Can you illuminate us please??? Whats that nice looking piece of steel???


----------



## mb165 (Sep 4, 2010)

Speed said:


> Can you illuminate us please??? Whats that nice looking piece of steel???


ADA superjet es-150


----------



## Green_Flash (Apr 15, 2012)

That is nice! Did you ever set up the 60p again?


----------



## chan1011 (Mar 17, 2014)

Wow you're pretty much all ADA gear, very fancy! The plants look amazing! 

Sent from my SGH-I337M using Tapatalk


----------



## mb165 (Sep 4, 2010)

hmm...


----------



## AquaAurora (Jul 10, 2013)

Whops. Well at lest the entire thing didn't break loose, float to the surface, and trap the fish in a very thin bit of water between plant and air.


----------



## mb165 (Sep 4, 2010)

I redid the tank after all the HC uprooted, switched to elatine hydropiper.

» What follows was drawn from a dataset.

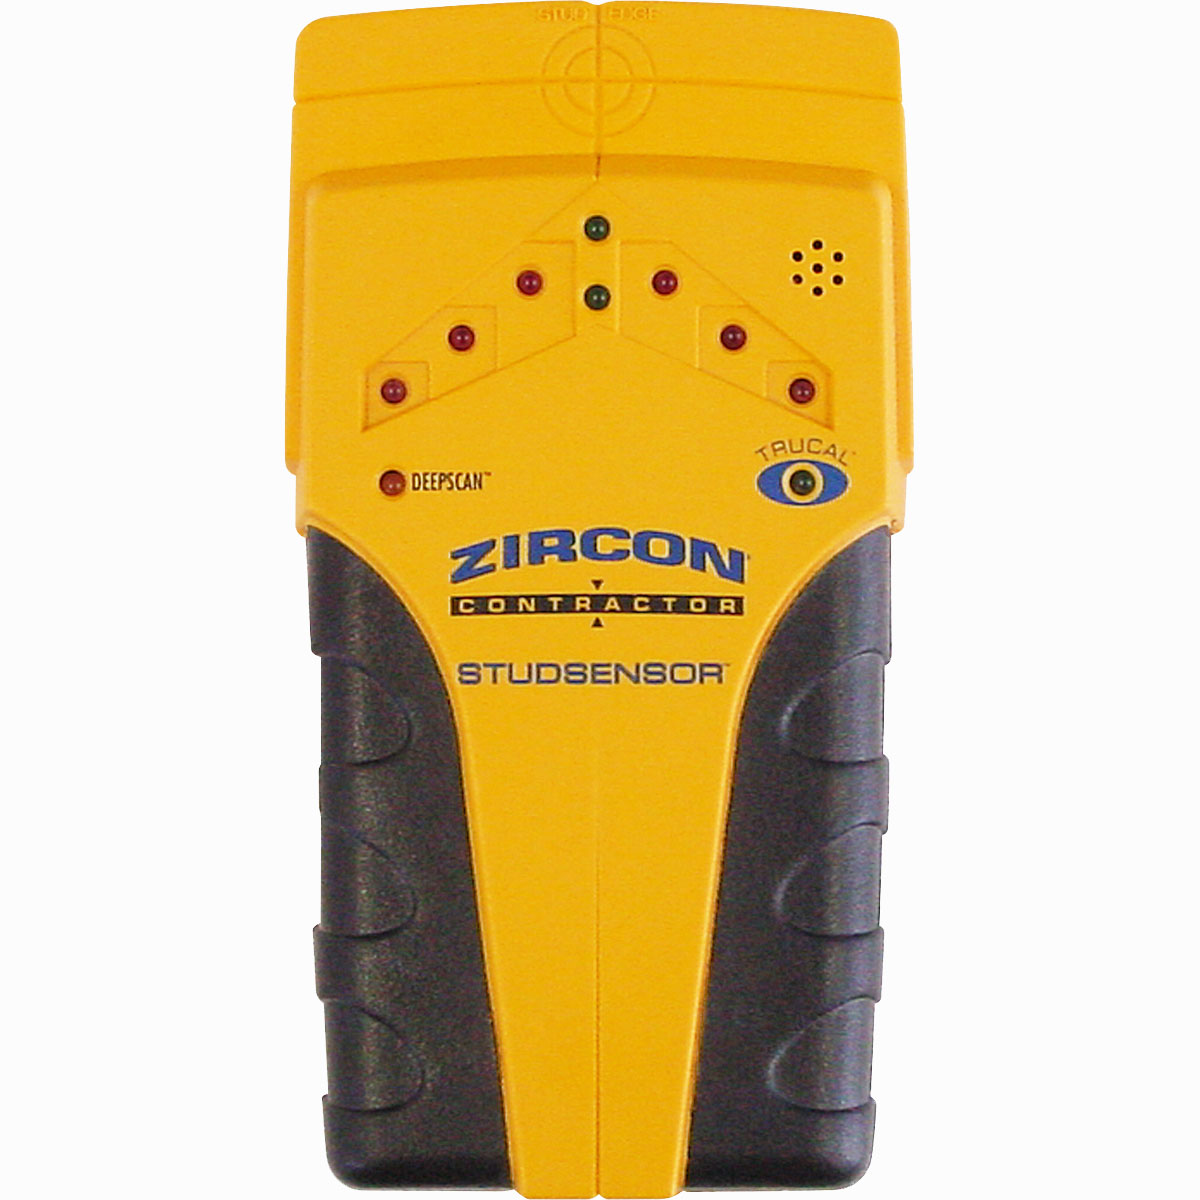 Zircon StudSensor Contractor

I also upgraded the stand to a cube cabinet.


----------



## mb165 (Sep 4, 2010)

About half of it's filled in.


----------



## mb165 (Sep 4, 2010)

It's been a while but the tank is still running now with UG.


----------



## randym (Sep 20, 2015)

It's beautiful.

What caused the earlier carpet to uproot like that?


----------



## mb165 (Sep 4, 2010)

randym said:


> It's beautiful.
> 
> What caused the earlier carpet to uproot like that?


Riccia had started growing throughout the carpet causing it to become buoyant and eventually uproot.


----------



## mb165 (Sep 4, 2010)

The tank is still running.


----------